- From: Chris Lilley <chris@w3.org>
- Date: Mon, 23 Feb 2004 00:21:51 +0100
- To: "www-international@w3.org"@homer.w3.org
Hello www-international,
>> Files here are either HTML or extended (8-bit) ASCII. Where
>> possible, text files are tab delimited. Some files have been
>> converted into standard HTML encoding (ISO-8859-1) from Unicode.
Gasp.
>> The closest equivalent character in ISO-8859-1 was selected, and
>> any diacritics simulated using <SUB> and <SUP> and the closest
>> equivalent punctuation mark. In the case of Cyrillic, Greek and
>> Hebrew, a consistent transliteration scheme was used. The source
>> for each file contains hidden tags which specify the Unicode value
>> for each character which has no ISO-8859-1 equivalent.

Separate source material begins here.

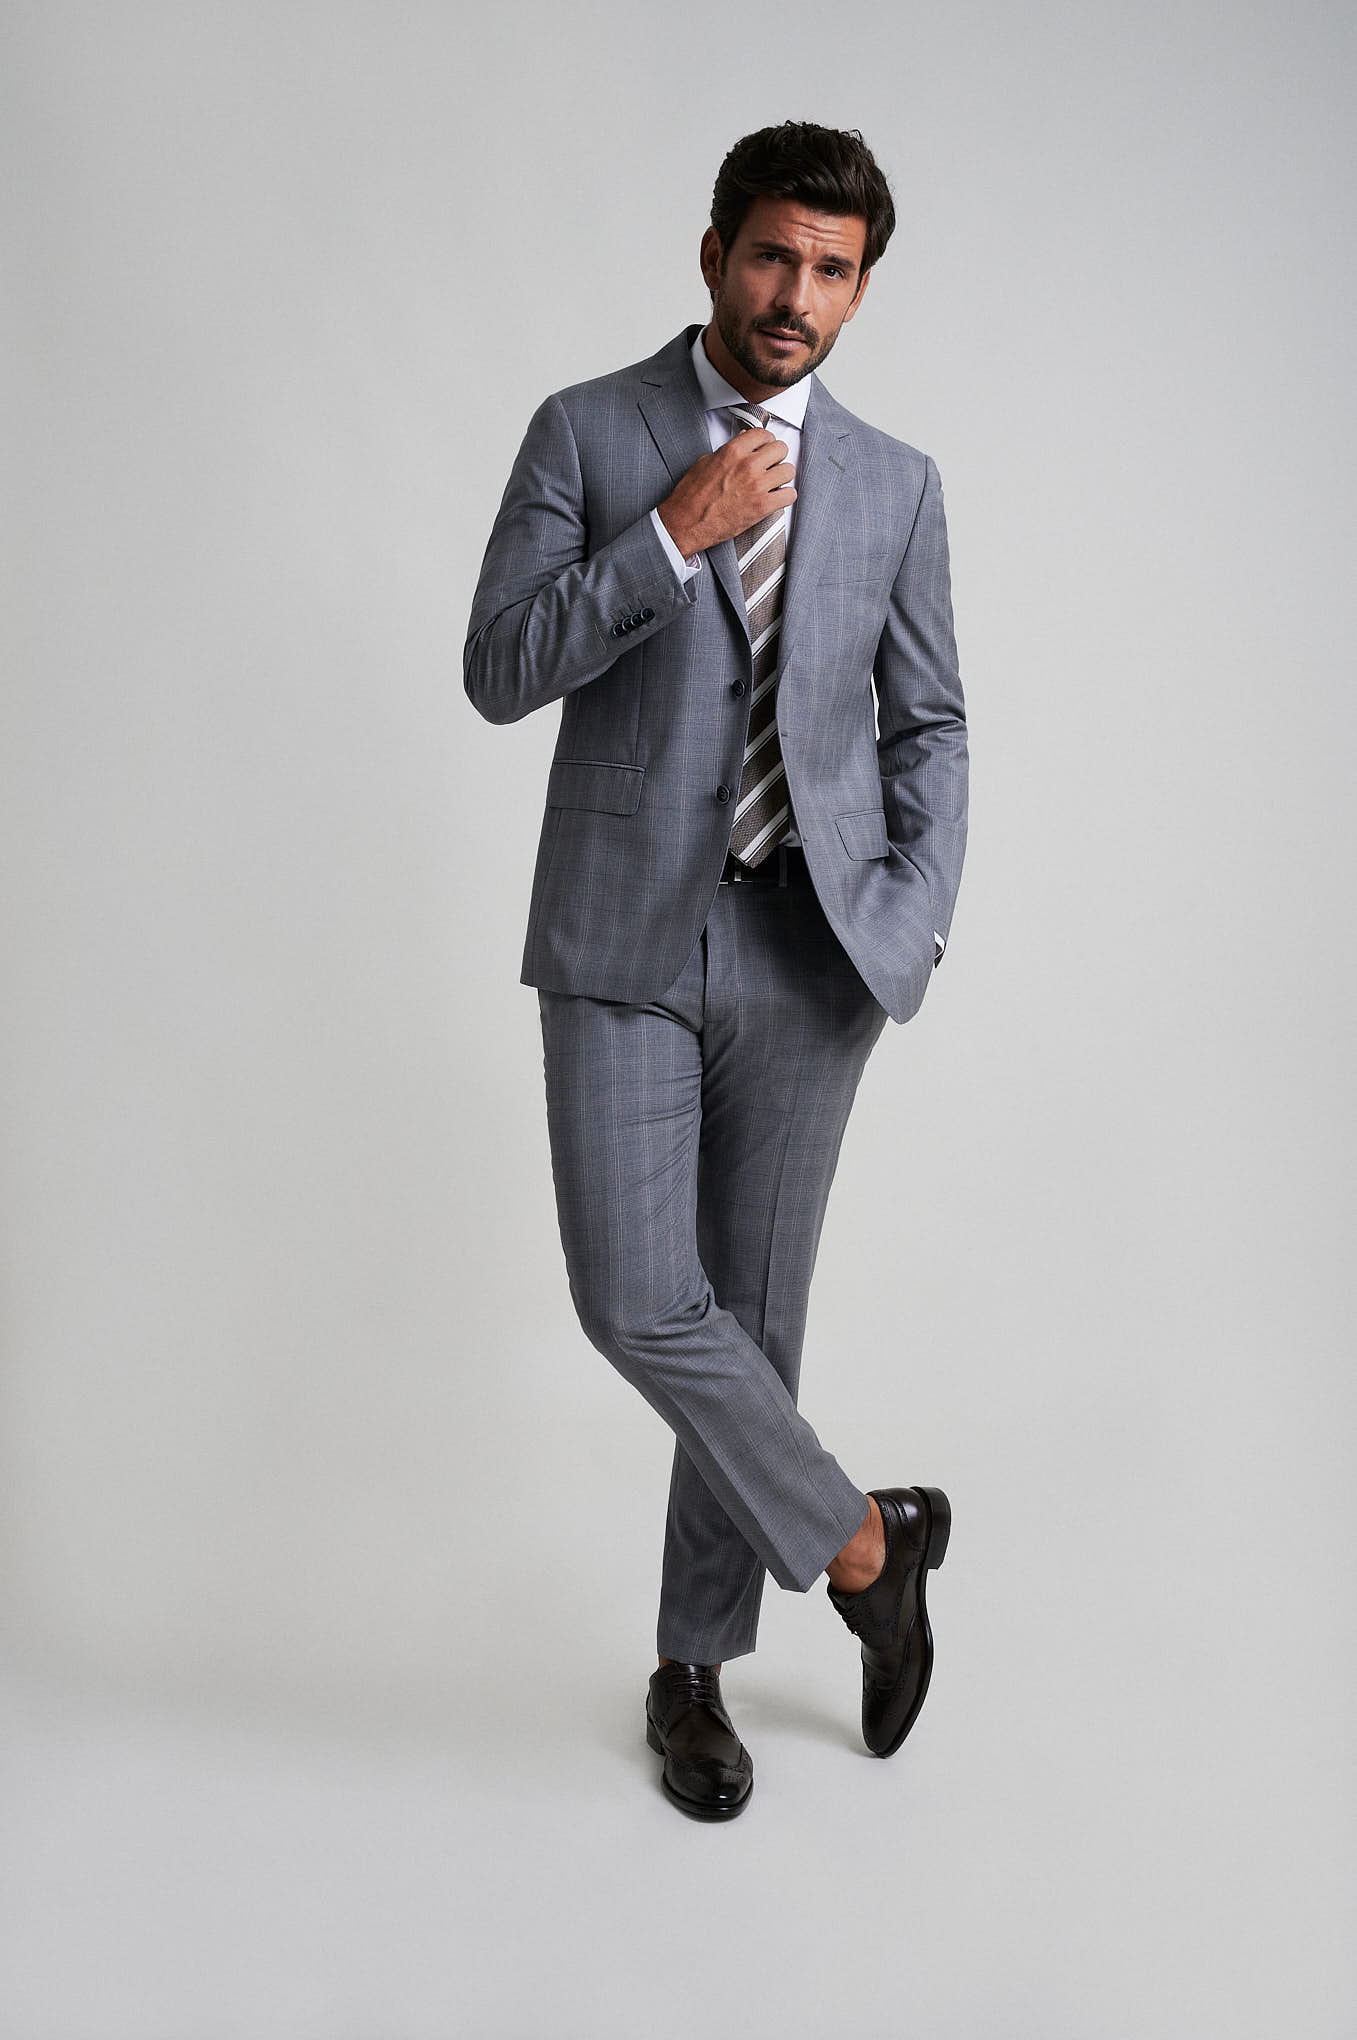 Suit Light Grey Formal Man

There is a standard way to do that
>> To obtain these values, you can download the file or view its
>> source in your browser. The tags have the form <!u
>> XXXX>character</!u>, where XXXX is the four digit hexadecimal value
>> of the Unicode character.
Shudder. Although a perl script could probably go and reverse this
damage.
http://www.wordgumbo.com/index.htm
Interesting site, but (shakes head) why oh why!!
Although
http://www.wordgumbo.com/ie/cmp/iedata.txt
COMPARATIVE INDOEUROPEAN DATABASE COLLECTED BY ISIDORE DYEN
FILE IE-DATA1
Copyright (C) 1997 by Isidore Dyen, Joseph Kruskal, and Paul Black
This file was last modified on Feb 5, 1997
maybe that is why.
--
Chris Lilley mailto:chris@w3.org
Chair, W3C SVG Working Group
Member, W3C Technical Architecture Group
Received on Sunday, 22 February 2004 18:21:51 UTC